Getting Students to Take Responsibility for Their Learning
Wouldn't it be great if our students came to class prepared? Not just having read the assignment, but mentally prepared as well -- alert and ready to debate, challenge, interact, and contribute?
Unfortunately, it often seems that when students walk into our classrooms their brains are set on the lowest possible setting. One reason students may not feel compelled to prepare (or be in the proper mindset for learning) is that they don't mind being shortchanged. In our consumer-driven society, where more is supposedly better, education is the one area where people are content to settle for less. Want to make a class happy? Let them out early.
Are there some things we can do to get our students to read the assignment, come to class ready to participate, and be responsible learners? Absolutely! Not only are there things we could be doing, we should be doing them, according to Marcia Magolda in her article "Helping Students Make Their Way to Adulthood: Good Company for the Journey" (2002). Magolda believes that instructors are in a unique position to help students learn two important lessons: (a) to be less dependent on external authorities, and (b) to take ownership and responsibility for their own lives.
So, whose responsibility is it for learning to occur in the classroom? The responsibility belongs to both the instructor and the students. Responsibility can (and should) shift, depending on the time in the semester and the level of the students. Faculty working with freshmen may take more of the responsibility for learning to occur than faculty working with seniors or graduate students.

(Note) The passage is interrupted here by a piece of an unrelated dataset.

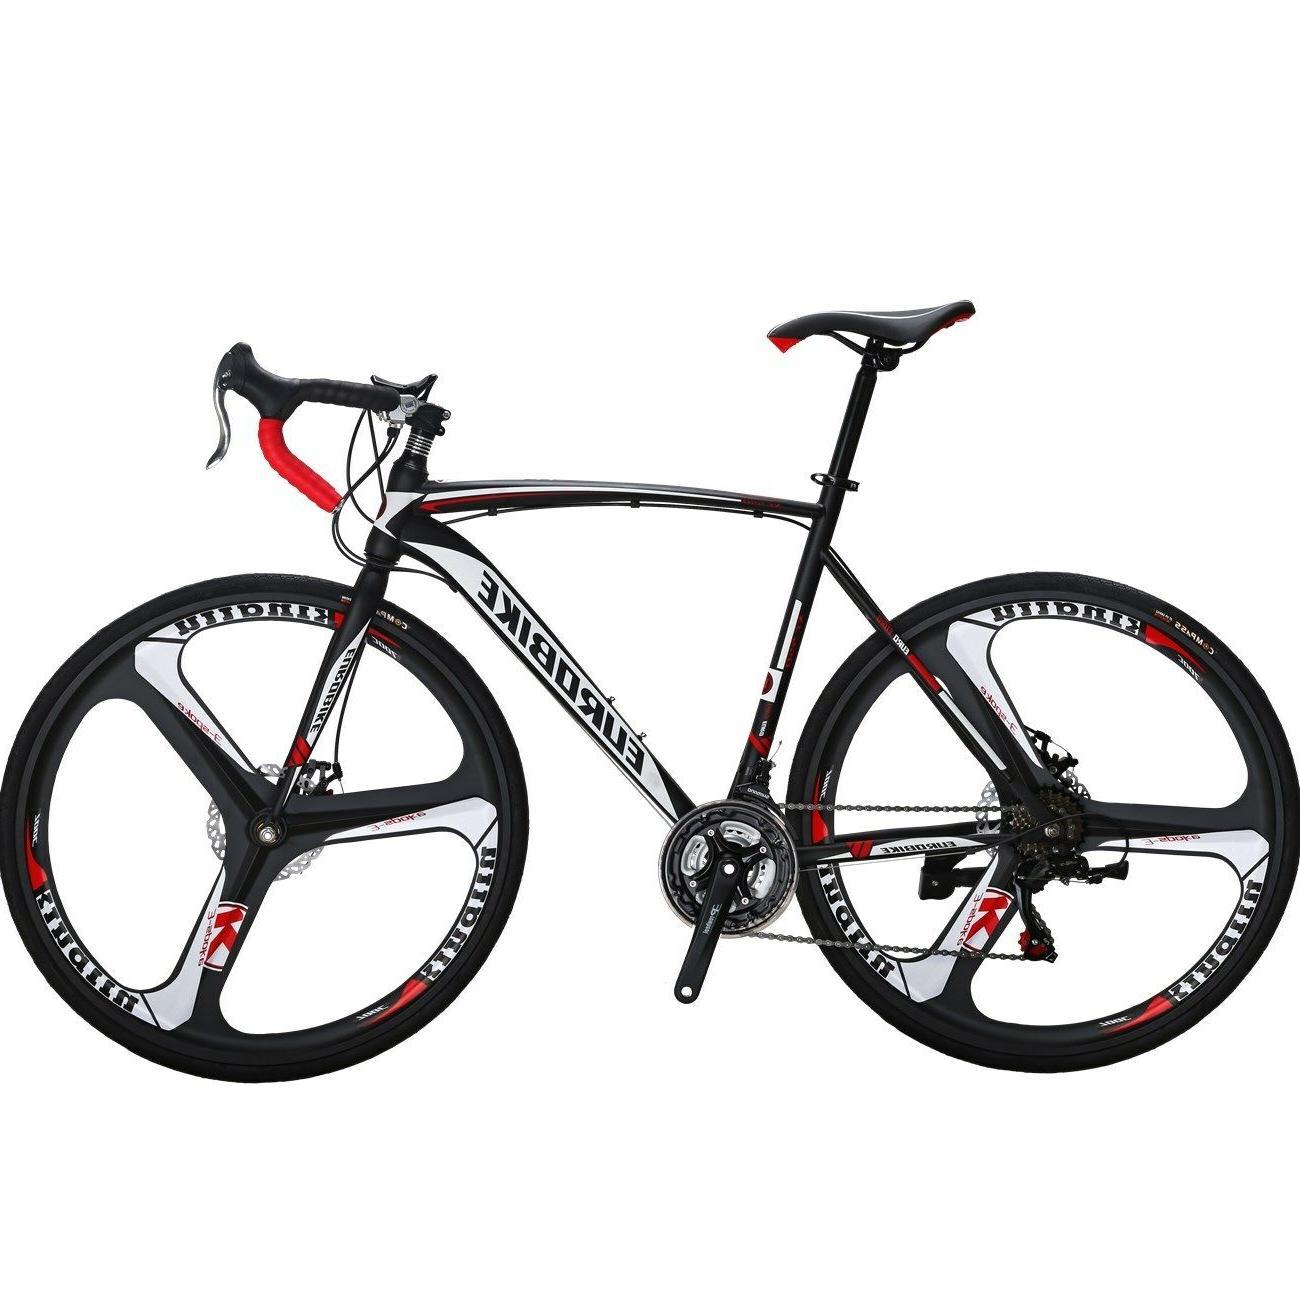 2018 road bike shimano 21 speed disc

Likewise, instructors may take more of the responsibility at the beginning of the semester. As the class progresses, they can slowly relinquish control and prepare their students to take over, so that by the end of the semester, the students are shouldering most of the responsibility.
By teaching responsibility, we not only enhance learning and raise the level of our classrooms, but we help produce responsible citizens and productive members of society.